20. No Third-Party Beneficiaries
Subject to the next paragraph, this Agreement benefits solely the Parties to this Agreement and their respective permitted successors and assigns and nothing in this Agreement, express or implied, confers on any other Person any legal or equitable right, benefit or remedy of any nature whatsoever under or by reason of this Agreement.

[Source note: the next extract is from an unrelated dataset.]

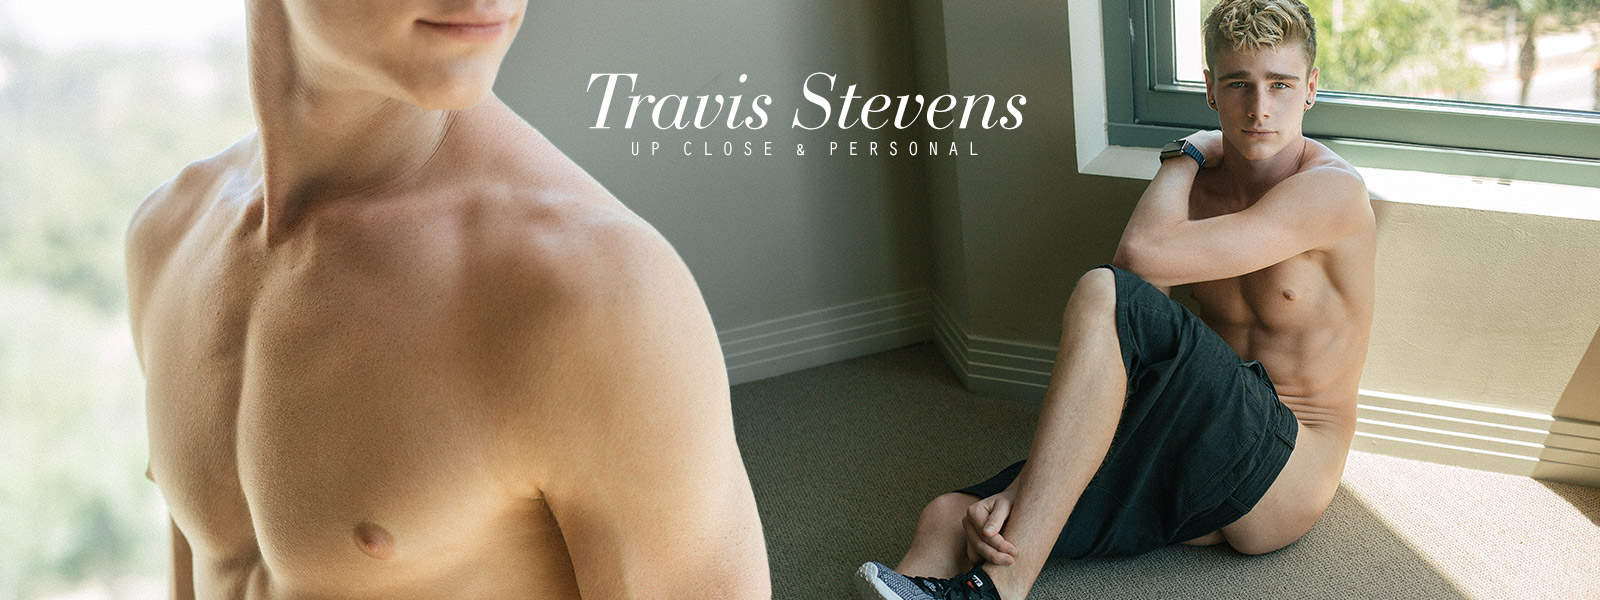 Travis Stevens Up Close & Personal

21. Choice of Law and Choice of Forum
This Agreement and all matters arising out of or relating to this Agreement are governed by, and construed in accordance with, the laws of the State of North Carolina, without regard to the conflict of laws provisions of such State. Any legal suit, action or proceeding arising out of or relating to this Agreement must be instituted in the federal courts of the United States of America or the courts of the State of North Carolina, in each case located in the City of Raleigh and County of Wake, and each Party irrevocably submits to the exclusive jurisdiction of such courts in any such suit, action or proceeding. Service of process, summons, notice or other document by certified mail in accordance with Section 15 will be effective service of process for any suit, action or other proceeding brought in any such court.
22. Waiver of Jury Trial
Each Party acknowledges and agrees that any controversy that may arise under this Agreement is likely to involve complicated and difficult issues and, therefore, each such Party irrevocably and unconditionally waives any right it may have to a trial by jury in respect of any legal action arising out of or relating to this Agreement, including any exhibits, schedules, attachments or appendices attached to this Agreement, or the transactions contemplated hereby.

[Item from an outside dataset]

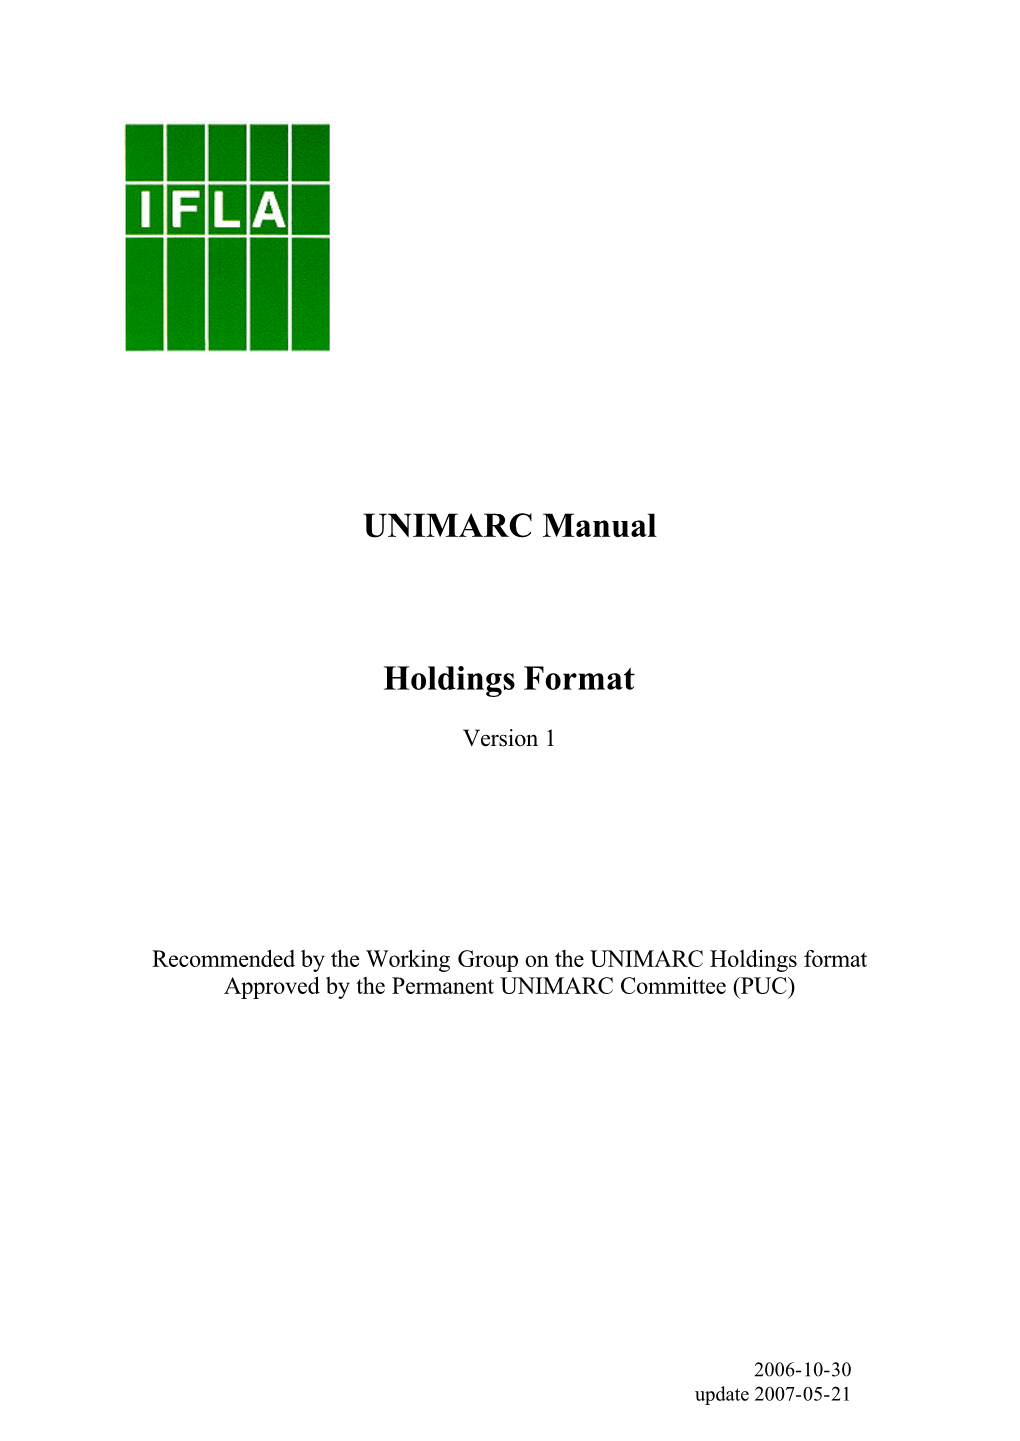 UNIMARC Manual Holdings Format

23. Limitation of Liability
In no event shall seal be responsible or liable for any consequential, indirect, incidental, special, exemplary, punitive or enhanced damages, lost profits or revenues or diminution in value, arising out of or relating to any breach of any provision of this agreement, regardless of (a) whether such damages were foreseeable, (b) whether or not seal was advised of the possibility of such damages and (c) the legal or equitable theory (contract, tort or otherwise) upon which the claim is based, and notwithstanding the failure of any agreed or other remedy of its essential purpose. In no event shall seal’s aggregate liability under this agreement exceed the total of the amounts paid to seal hereunder.
24. Force Majeure
SEAL shall not be liable or responsible to Customer, nor be deemed to have defaulted or breached this Agreement, for any failure or delay in fulfilling or performing any term of this Agreement when and to the extent such failure or delay is caused by or results from acts or circumstances beyond the reasonable control of SEAL including, without limitation, acts of God, flood, fire, earthquake, explosion, governmental actions, war, invasion or hostilities (whether war is declared or not), terrorist threats or acts, riot, or other civil unrest, national emergency, revolution, insurrection, epidemic, lockouts, strikes or other labor disputes (whether or not relating to either party’s workforce), or restraints or delays affecting carriers or inability or delay in obtaining supplies of adequate or suitable materials, materials or telecommunication breakdown or power outage.
This Agreement may be executed in counterparts, each of which is deemed an original, but all of which together are deemed to be one and the same agreement. Notwithstanding anything to the contrary in Section 15, a signed copy of this Agreement delivered by facsimile, email or other means of electronic transmission is deemed to have the same legal effect as delivery of an original signed copy of this Agreement.
Headings in this Agreement are for convenience of reference only, and are not to be used in any interpretation of the agreement between the parties.